Many of the Japanese maples at the Ewing Cultural Center are located within the Japanese garden. This garden, built-in 1982, commemorates the 20th anniversary of friendship between Bloomington-Normal and their Japanese sister city of Asahikawa.
“When Hazle Buck Ewing left this property to the ISU Foundation in her will, she said she wanted it to be used for international and cultural understanding,” said Toni Tucker, director of Ewing Cultural Center. “These trees and sculptures enhance the Japanese garden and help support her wishes for the property.”

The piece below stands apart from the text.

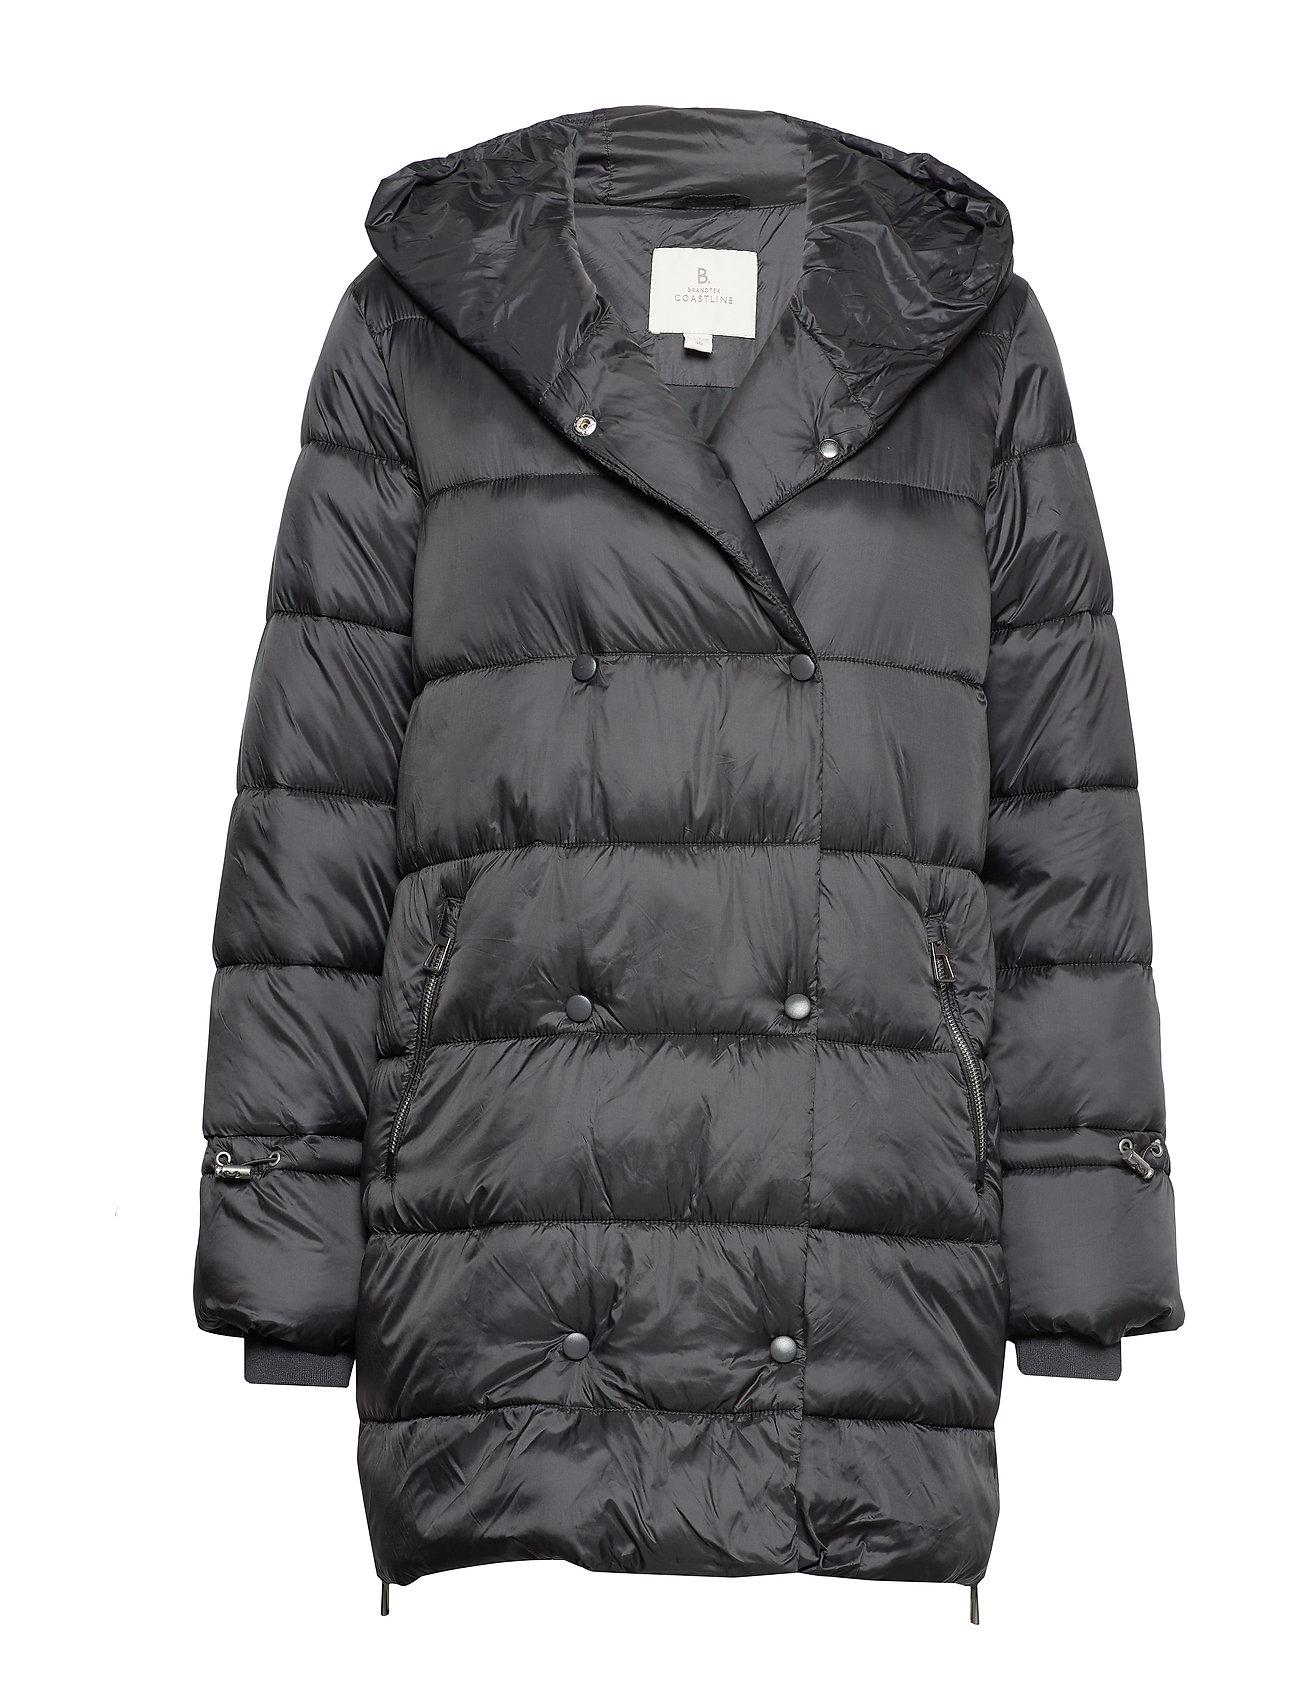 Brandtex Jacket Outerwear Heavy - RAVEN
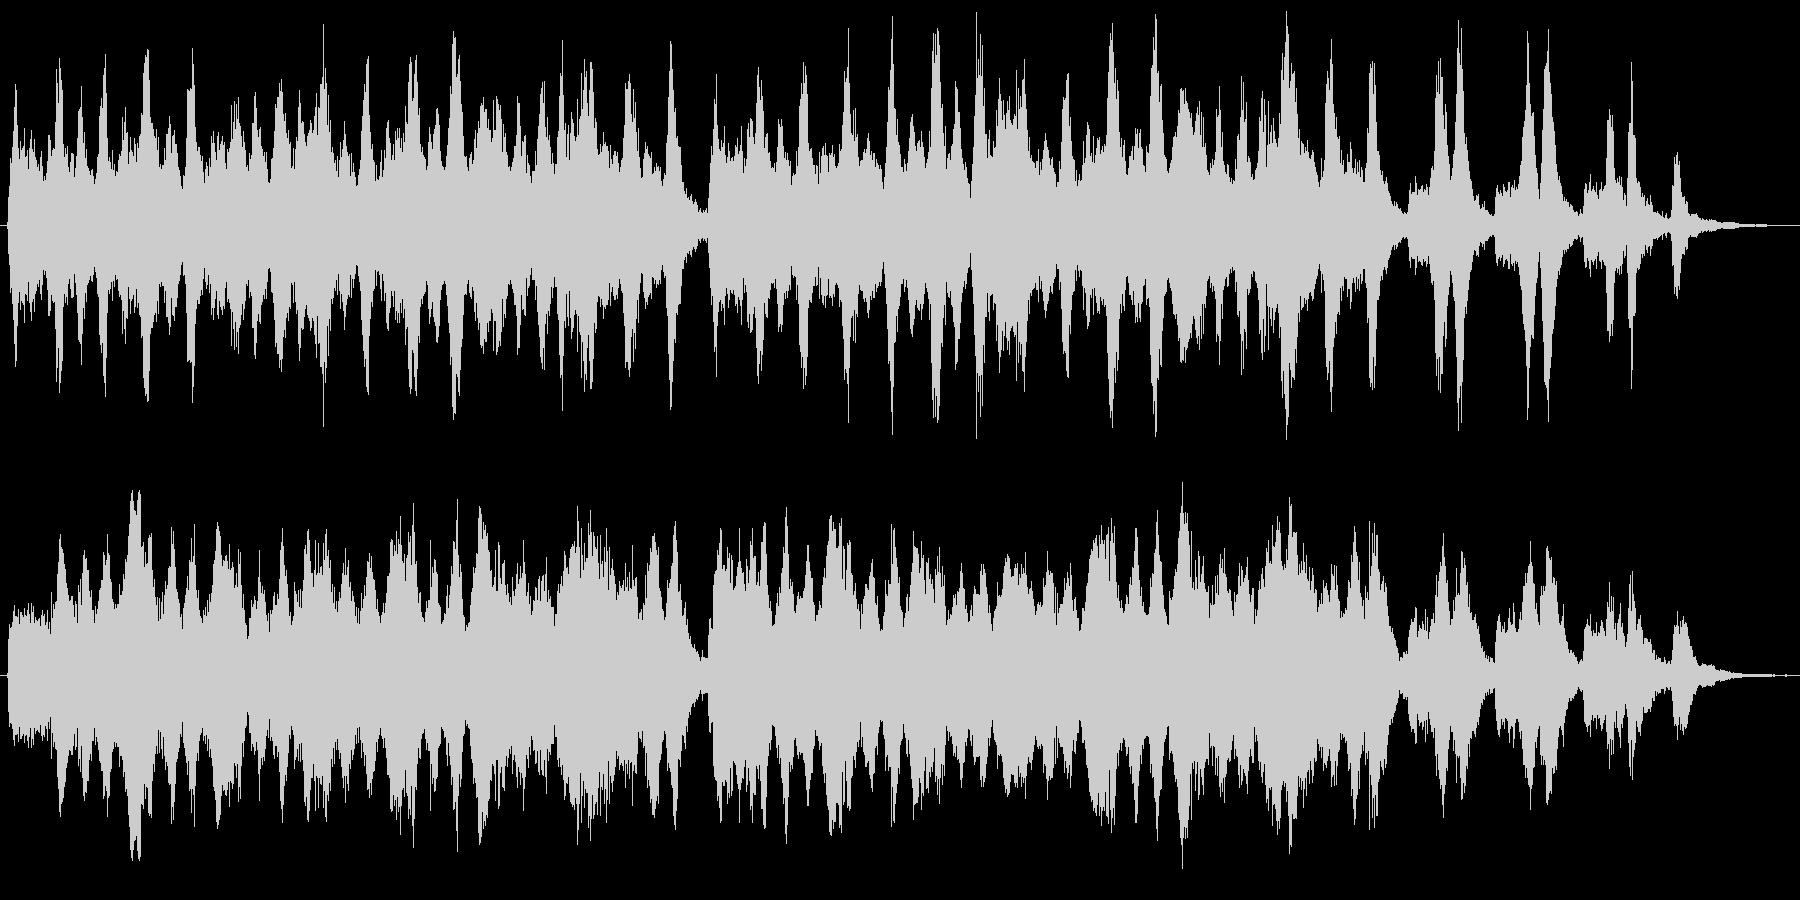 高級感・哀愁・バロック室内楽(26秒)の未再生の波形

In addition to the Japanese maple trees, Myers has also gifted granite sculptures to many of these locations, including ISU.
“Just having those granite Asian lanterns at a university in Illinois is going to raise some questions, and people will wonder, ‘What is that there for? Why are there all of these Japanese trees?’” said Myers. “It will raise awareness of the fact that we do have a sister city in Japan, and when students from Japan come here, they’re going to be thrilled to see these. Hopefully, it will make more people curious about why there is a connection between Illinois and Japan.”
Since Myers began gifting the Japanese maple trees to campuses and parks across the state, Davidsan’s has closed, and Myers is retired. Although Myers is looking to pursue her artwork in retirement, she notes that Japanese maples will always be a part of her life.
Myers and her late husband’s legacy will continue to live in the Japanese maple trees they have delivered across the country, as they continue to bring people and cultures together.
“Having these Japanese maples on three different locations on campus helps broaden our horizons. If people visit the Horticulture Center and see the trees there, then it encourages them to visit Fell Arboretum or the Ewing Cultural Center,” said Tucker. “These trees create a synergy we can share together to broaden our community.”